The task - Would you repeat the listing exactly, without any of its images?

--- Source data ---

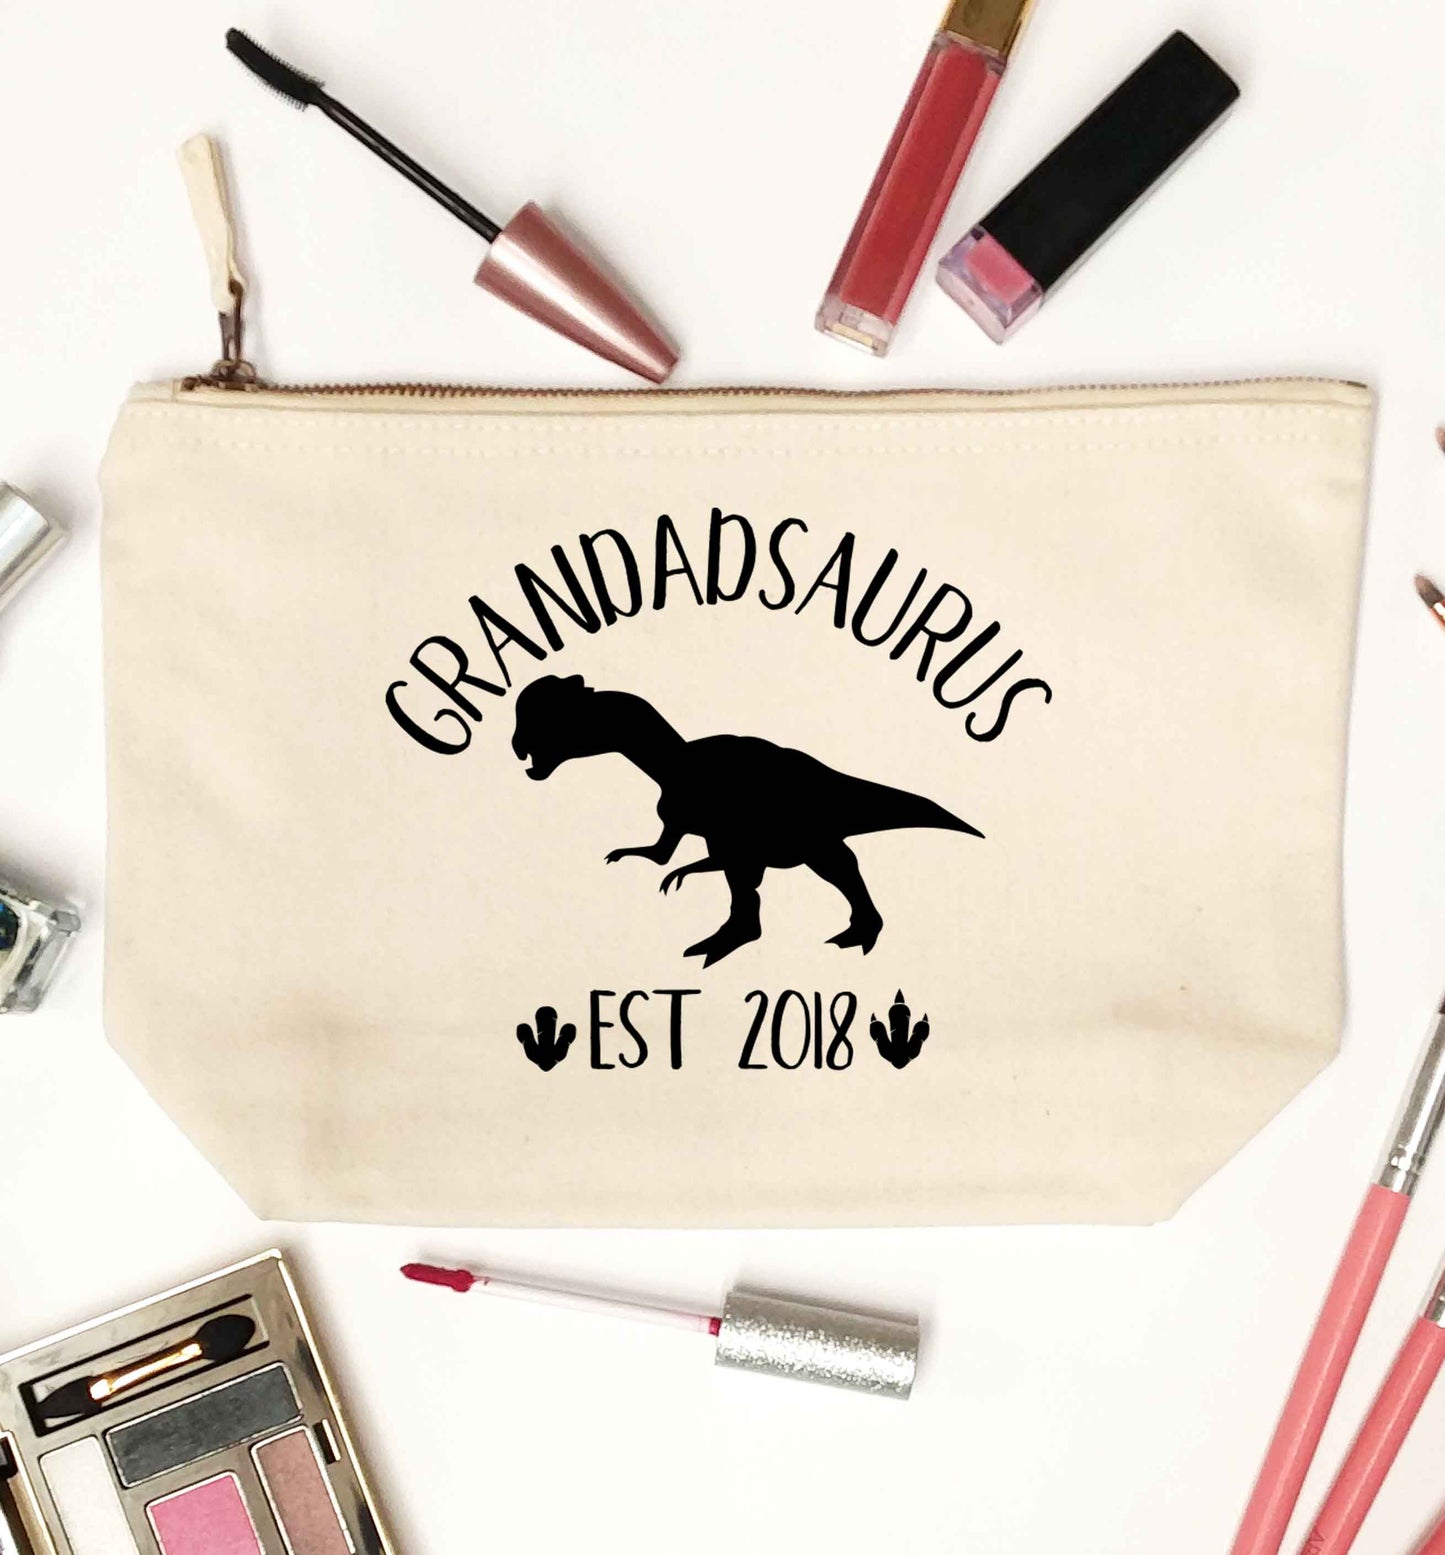 Personalised grandadsaurus since (custom date) natural makeup bag
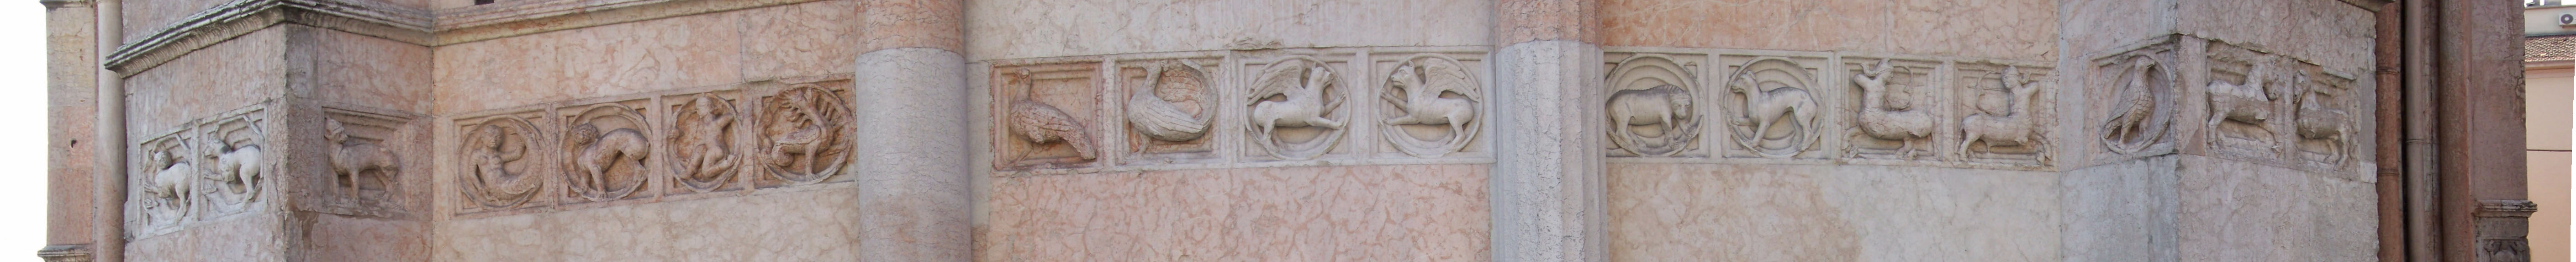 Le formelle del lato sud-ovest (dalla lepre al cavallo)
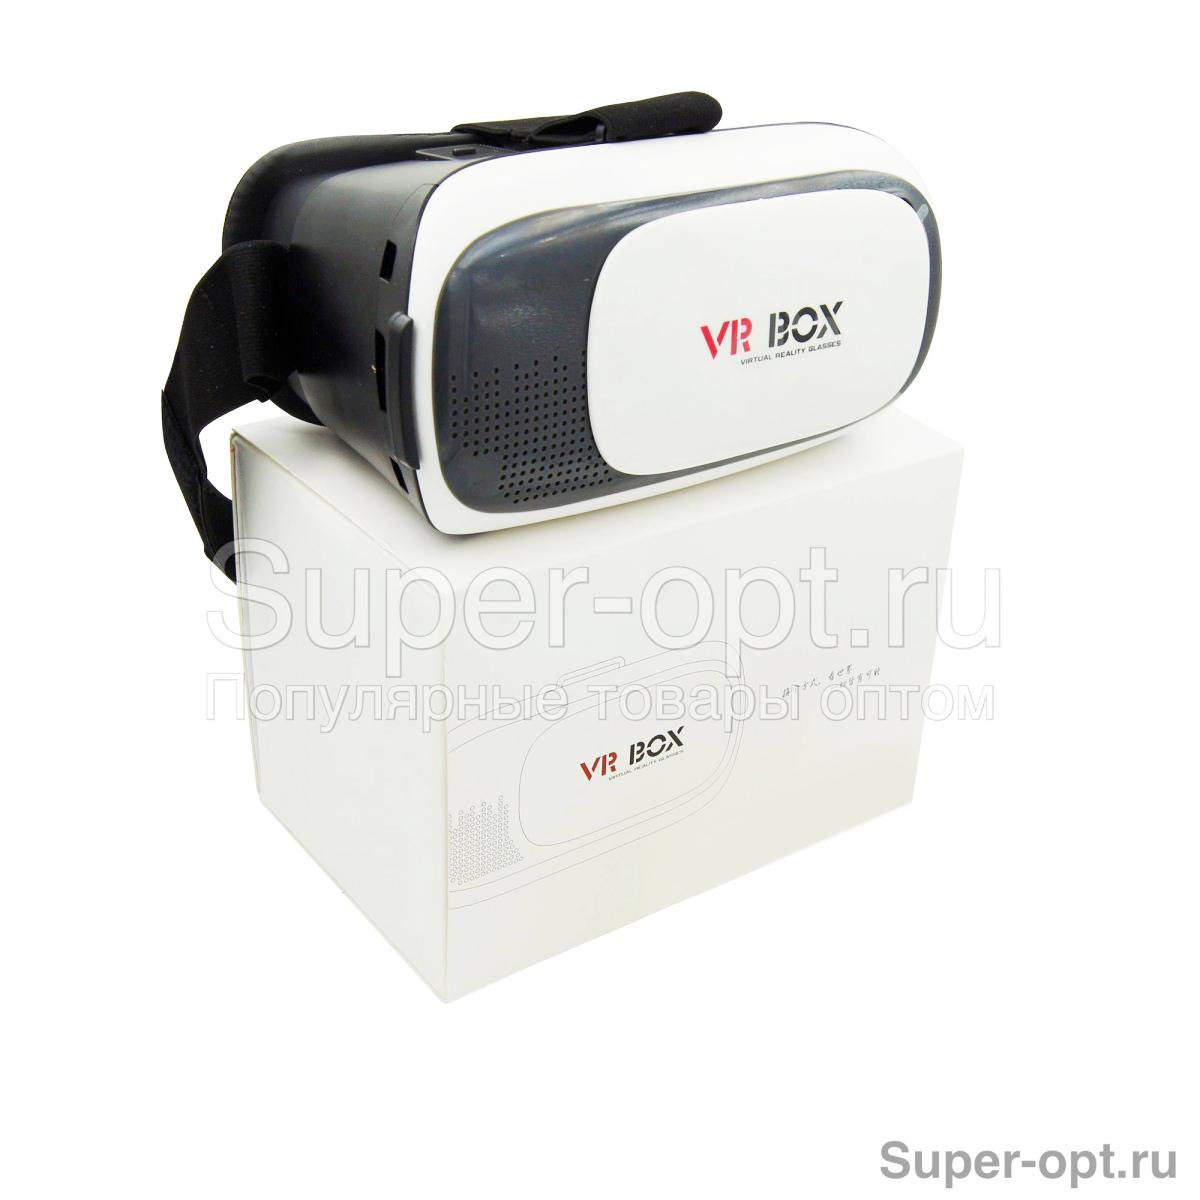 Очки виртуальной реальности VR BOX 2.0 (Original)

---

Answer -
 Personalised grandadsaurus since (custom date) natural makeup bag
 Le formelle del lato sud-ovest (dalla lepre al cavallo)
 Очки виртуальной реальности VR BOX 2.0 (Original)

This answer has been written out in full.